Information supplied —
************

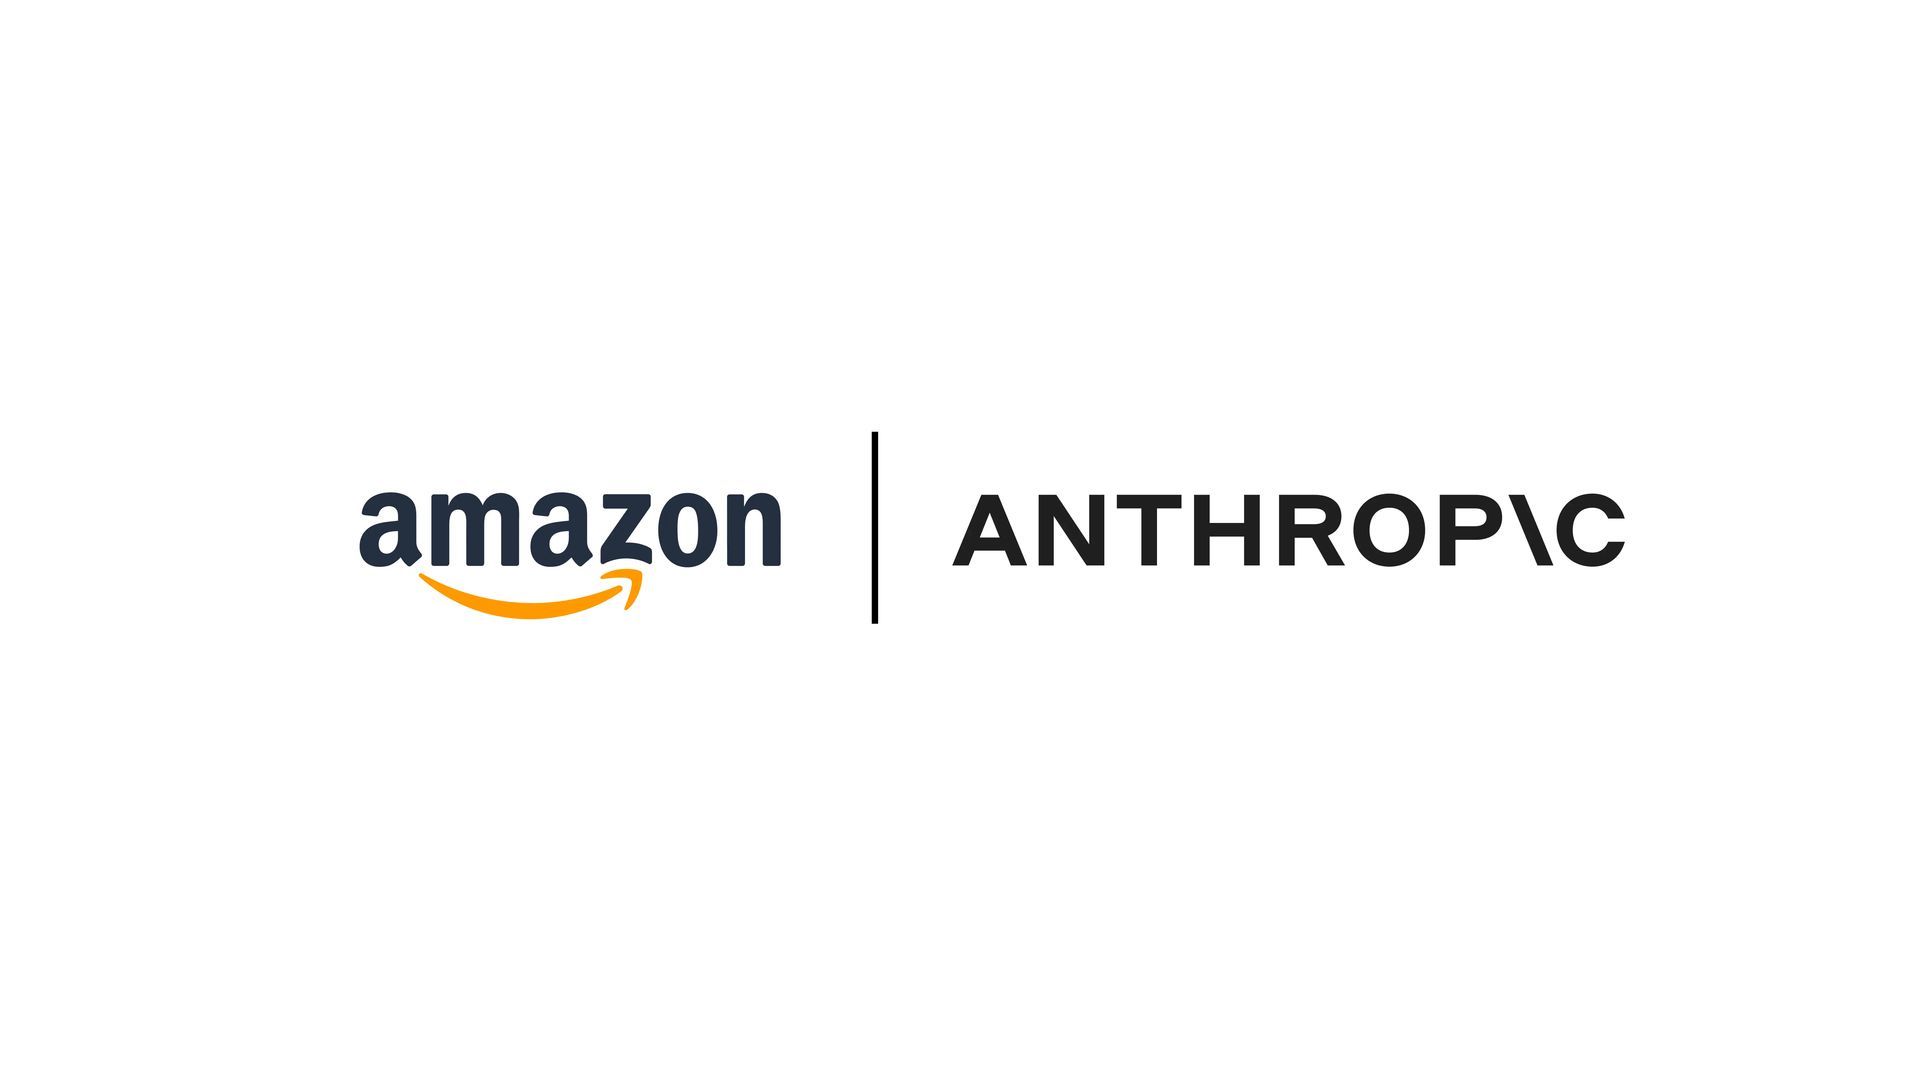 Amazon's $4B bet on Anthropic
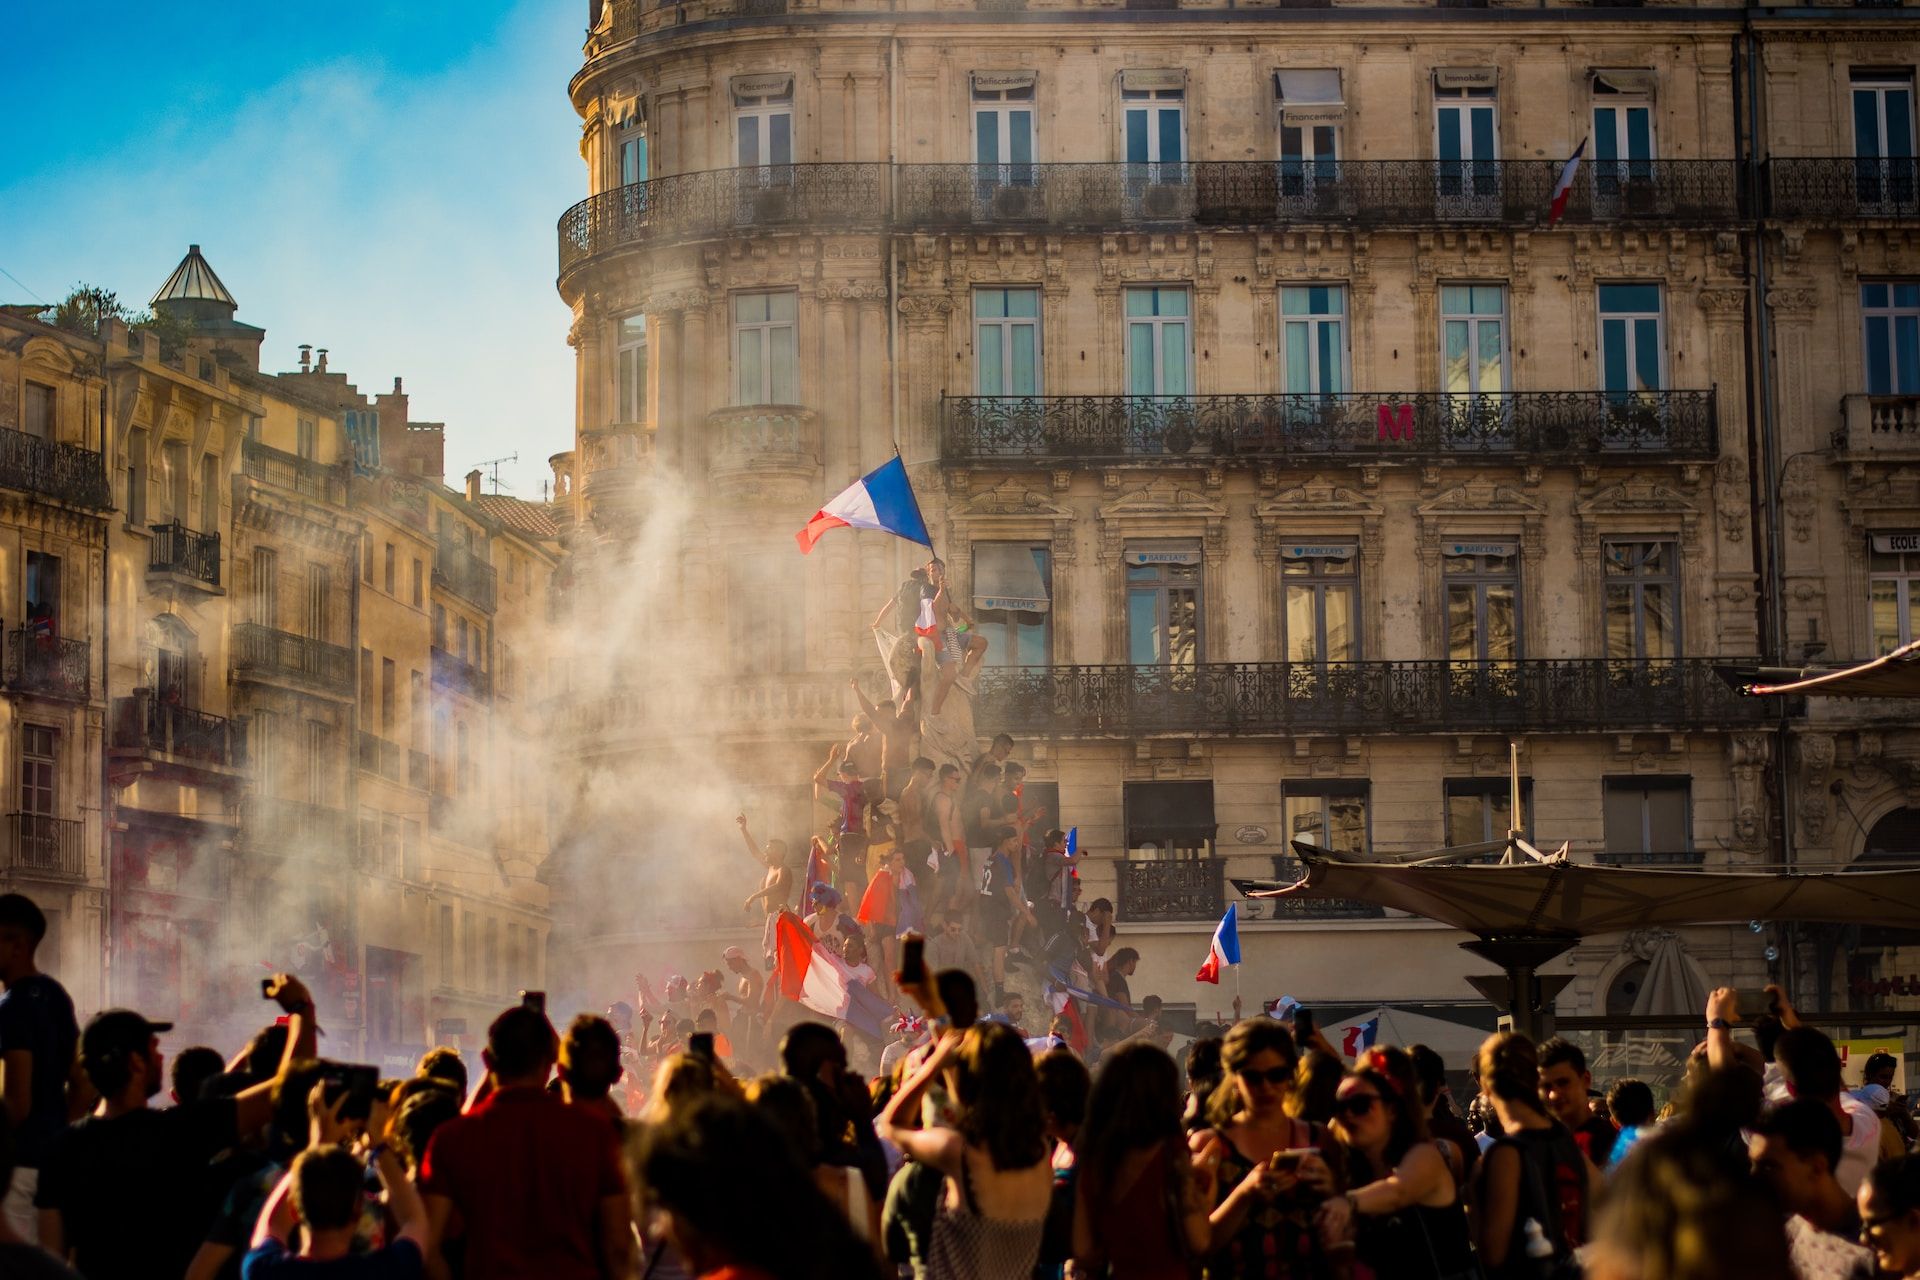 Une manifestation en France avec une foule grimpant sur une statue avec un drapeau - Photo de Pierre Herman sur https://unsplash.com/fr/photos/Fw_2kaQZc90
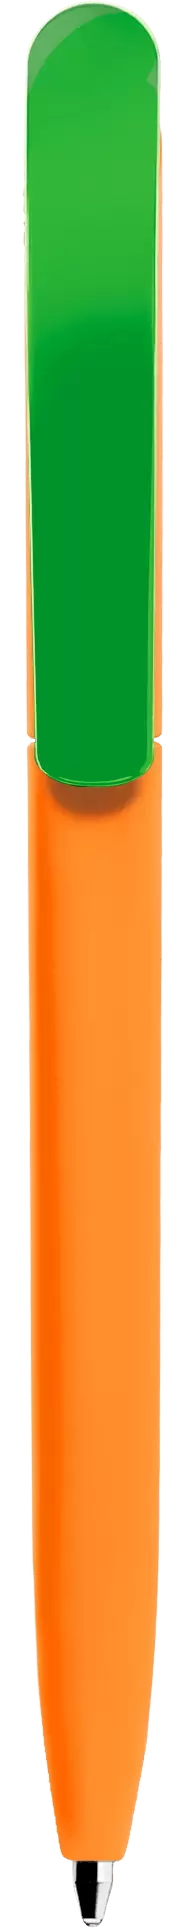 Ручка VIVALDI SOFT MIX Оранжевя с салатовым 1333-05-15
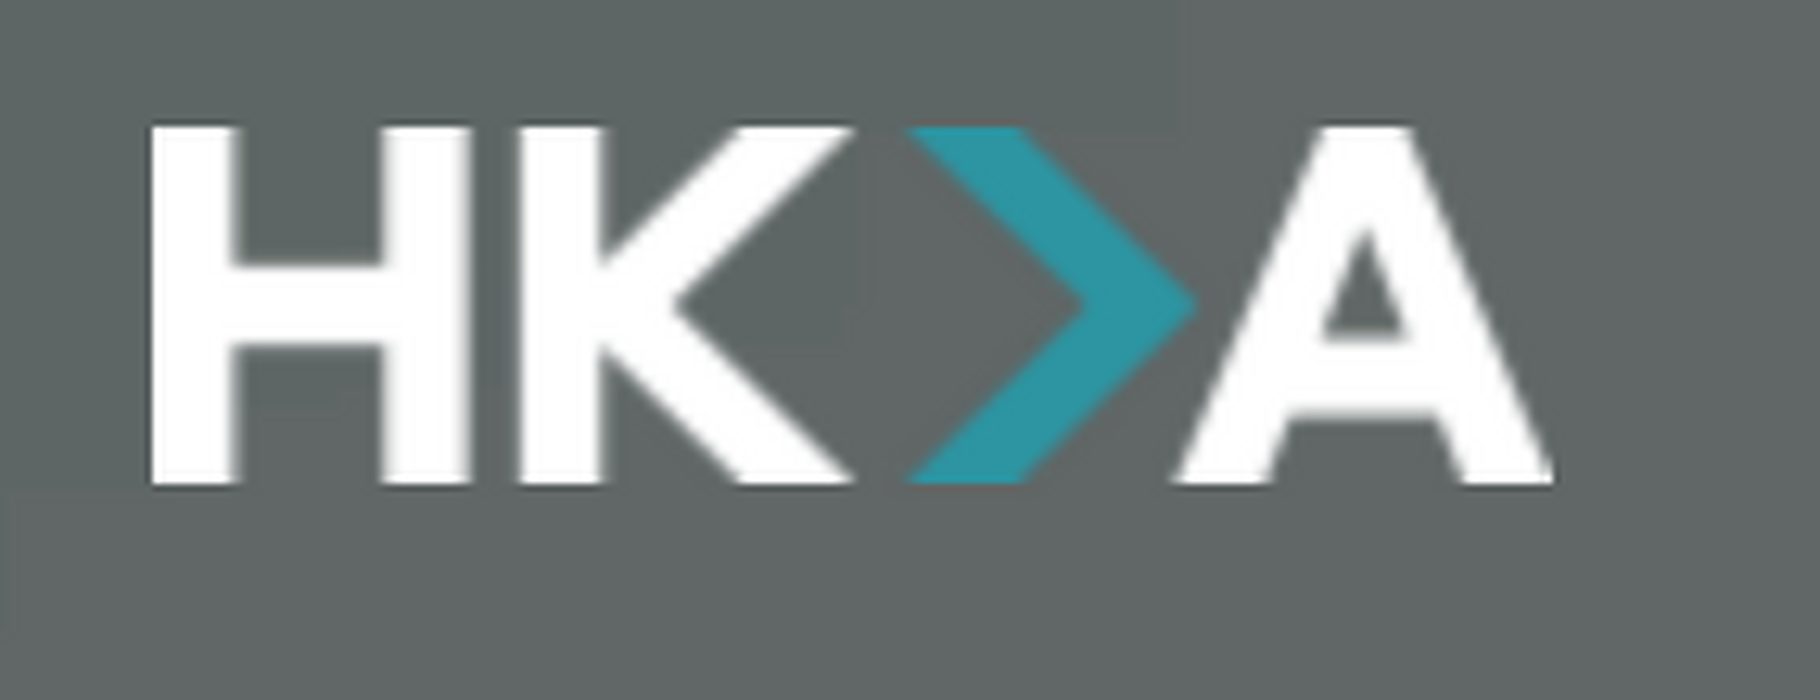 hk-a-logo

************

Task goal —
Write out the data above exactly, minus any images.

Solution to this task —
 Amazon's $4B bet on Anthropic
 Une manifestation en France avec une foule grimpant sur une statue avec un drapeau - Photo de Pierre Herman sur https://unsplash.com/fr/photos/Fw_2kaQZc90
 Ручка VIVALDI SOFT MIX Оранжевя с салатовым 1333-05-15
 hk-a-logo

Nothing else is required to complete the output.